A photographer arrives and Fowles' tall, tall wife Elizabeth lopes across the room and removes her husband's spectacles. Fowles does not move. He seems quite accustomed to such gestures.
Hard rain clicks against the gritty windows. Fowles has already endured the "Today" show and now another nosy questioner. If given the choice, he might grab a cab and beat it for the nearest jet. With no projects currently at hand, it's the perfect season for tending house.
"I have times when I am not writing at all. If I'm not answering letters I'm in my garden. Lyme is roughly like San Francisco in climate, so we get away with all sorts of subtropical plants. If we have a bad winter I lose them. It's a wilderness, the garden. I've seen real gardeners turn white as they go 'round it."
Fowles is the son of a suburban cigar importer. He read French at Oxford, taught school in Greece and began writing in his early 20s. He sent a "perfectly wretched" book of travel pieces on Greece to Paul Scott, who worked as an agent before writing "The Jewel in the Crown." Scott did not encourage the young man's travel writing but did admire a passage of "semifictional" prose. "That probably started me as a novelist," says Fowles.

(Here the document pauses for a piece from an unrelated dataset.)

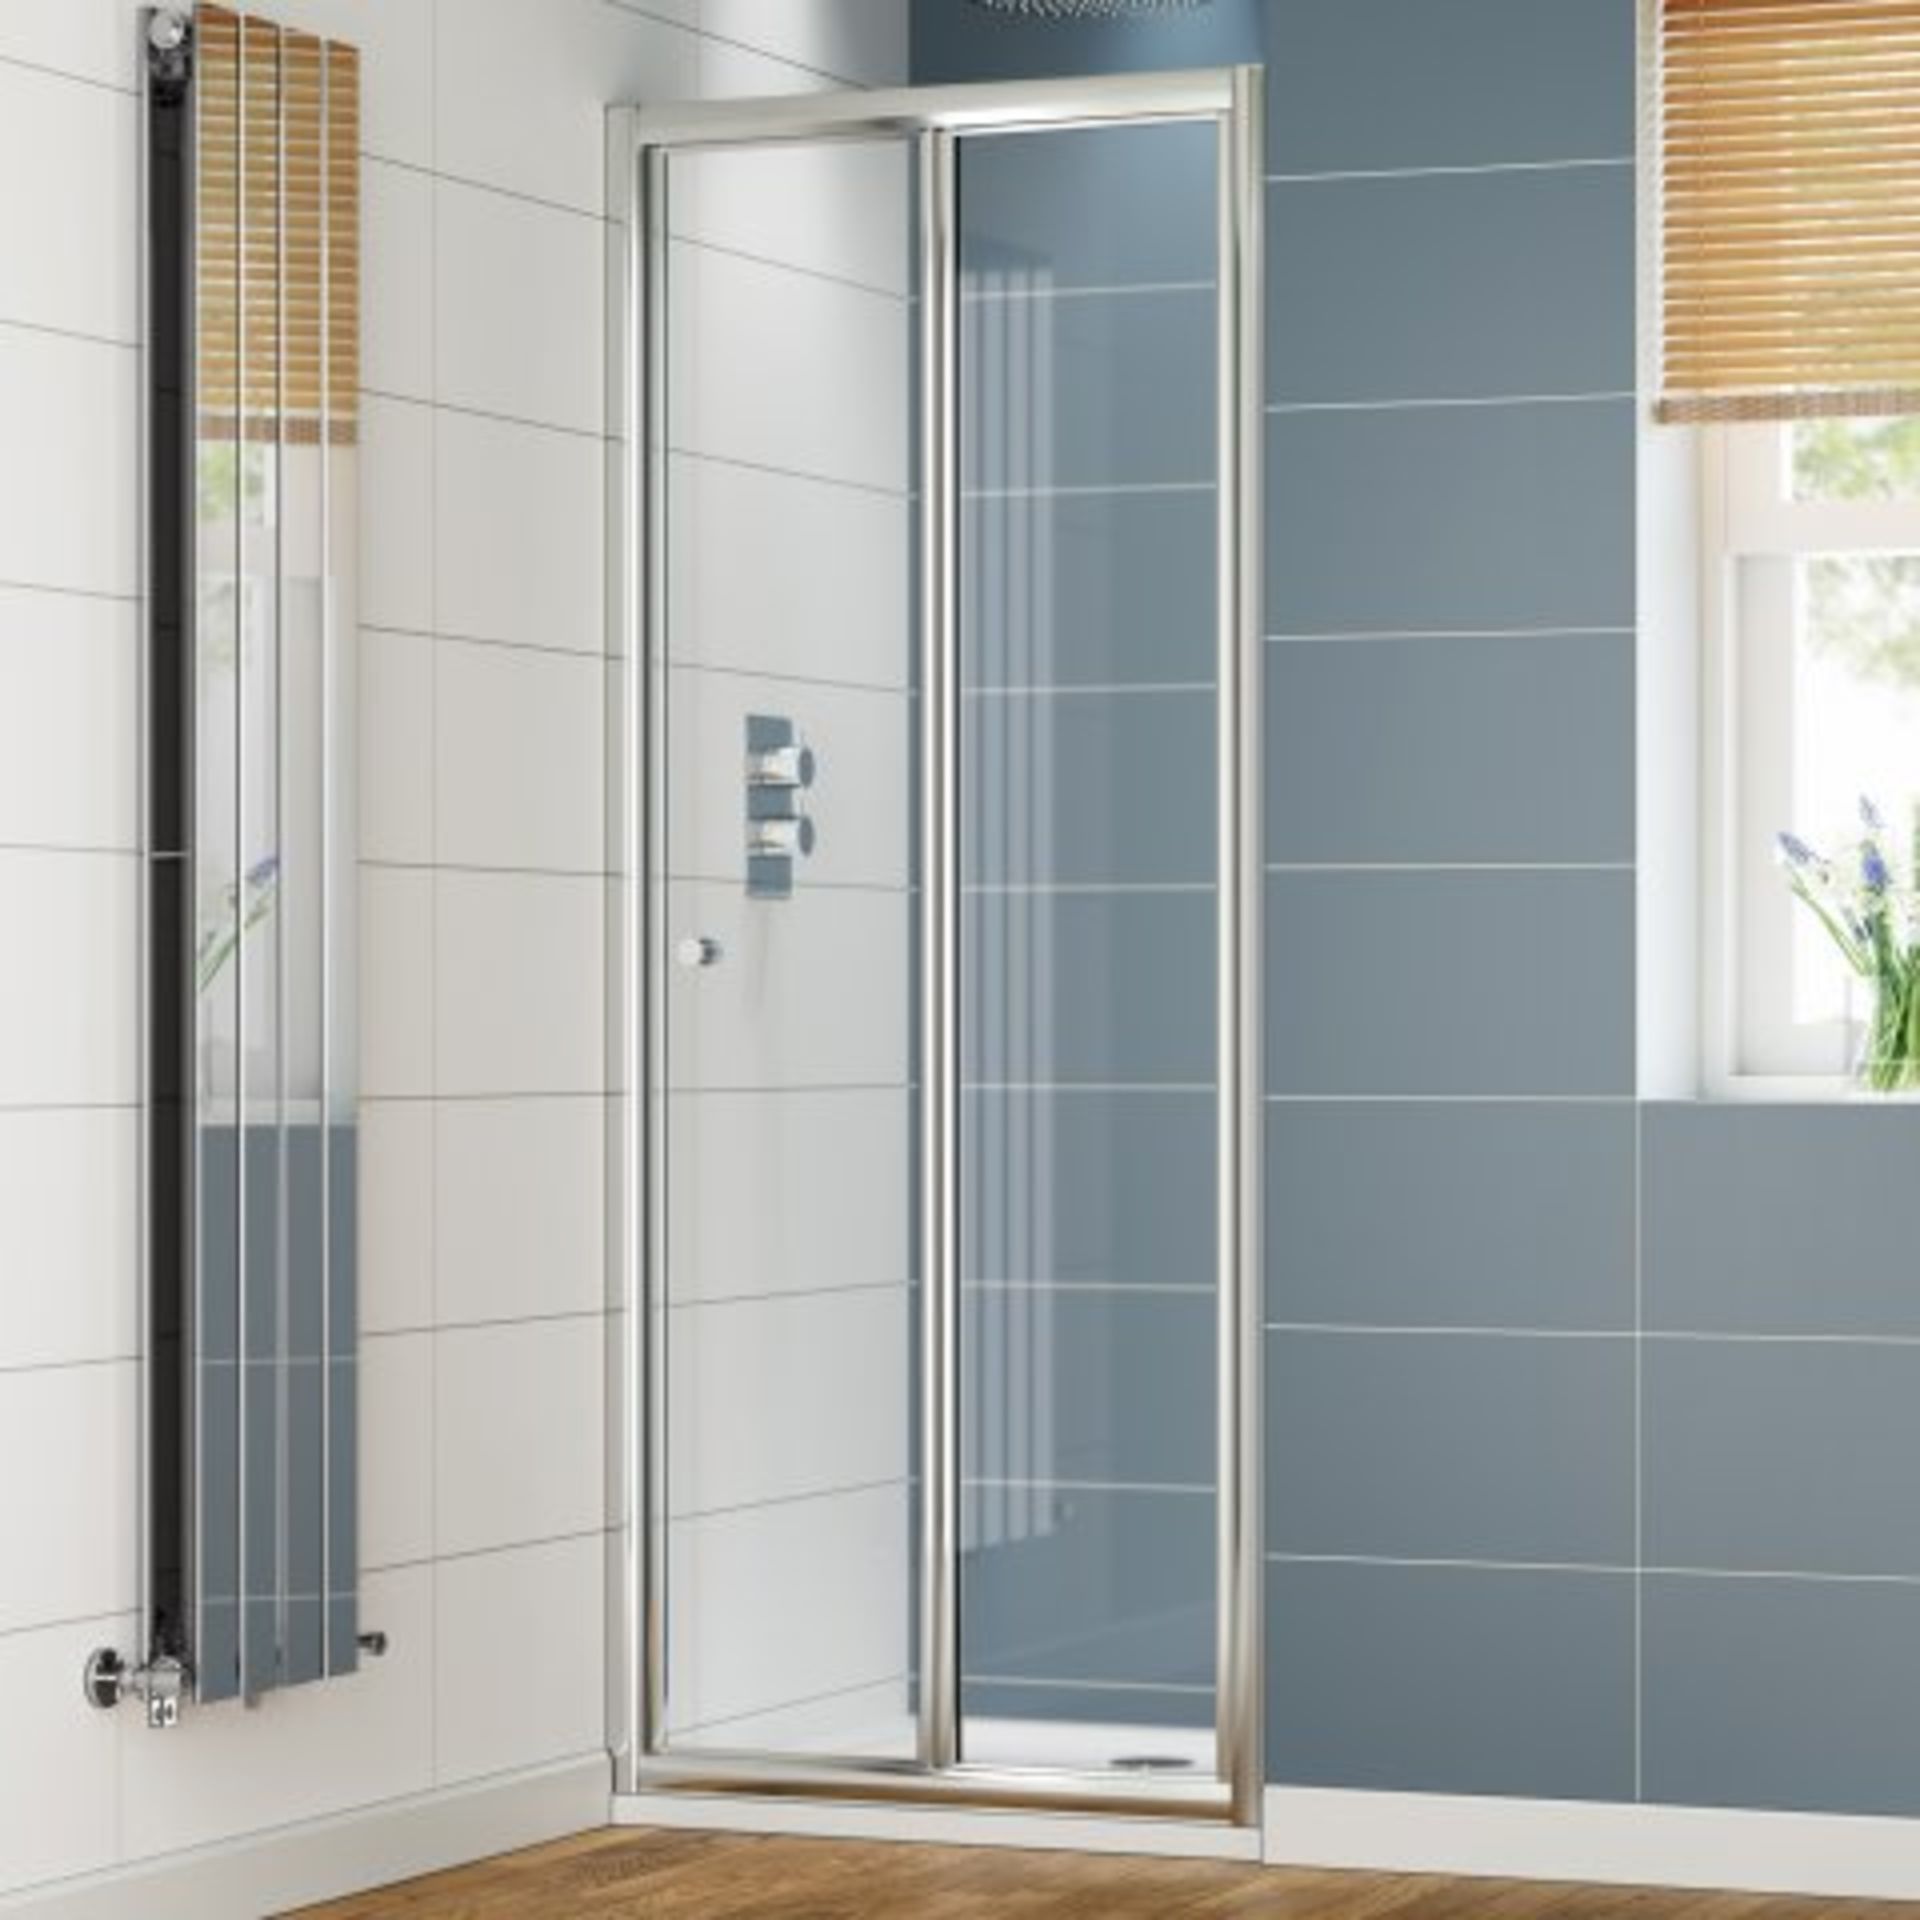 (G88) 1000mm - Elements Bi Fold Shower Door. RRP £299.99. The bi fold design allows for the door

The insistent simplicity of his life -- gardening, writing, long evenings reading Matthew Arnold by the fire -- began when he left London 19 years ago and began to publish his first works. In "A Maggot," he writes admiringly about the rise of the Shakers, the communalist religious group founded by Ann Lee, a blacksmith's daughter.
"As you grow older you realize you cannot live up to all your sacred ideas of how one should live. Keeping that virgin state of authenticity is impossible. The Shakers were authentic, in that way. They believed in a certain life and they lived it. It had a magnificence.
"New York at this moment makes me think of the Shakers, the severity and simplicity of their lives. New York is an impossibly rich city. There is so much to do here that one does nothing, so much to buy here that one buys nothing. I read my way through the fat Sunday New York Times and it calls out 'Consume more . . . consume more . . . consume more.'
"I somehow feel places like New York are enormously rarefied, isolated forms of human society. They're not real. It's not just flying to New York, it's flying to a different planet. If you fly to Los Angeles it's another planet still.
"I just read an article how the great social activity in California now is shopping. That is a very sick and peculiar thing to a staid European like myself. Cities are neurotic. I think people who live in the country, the provinces, are lucky. If people were economically free to move I somehow think there would be an enormous exodus from places like Chicago or New York or London."
On his first day in New York, John Fowles walked immediately to Central Park, the available version of Lyme Regis by the sea. And on the second, he talked.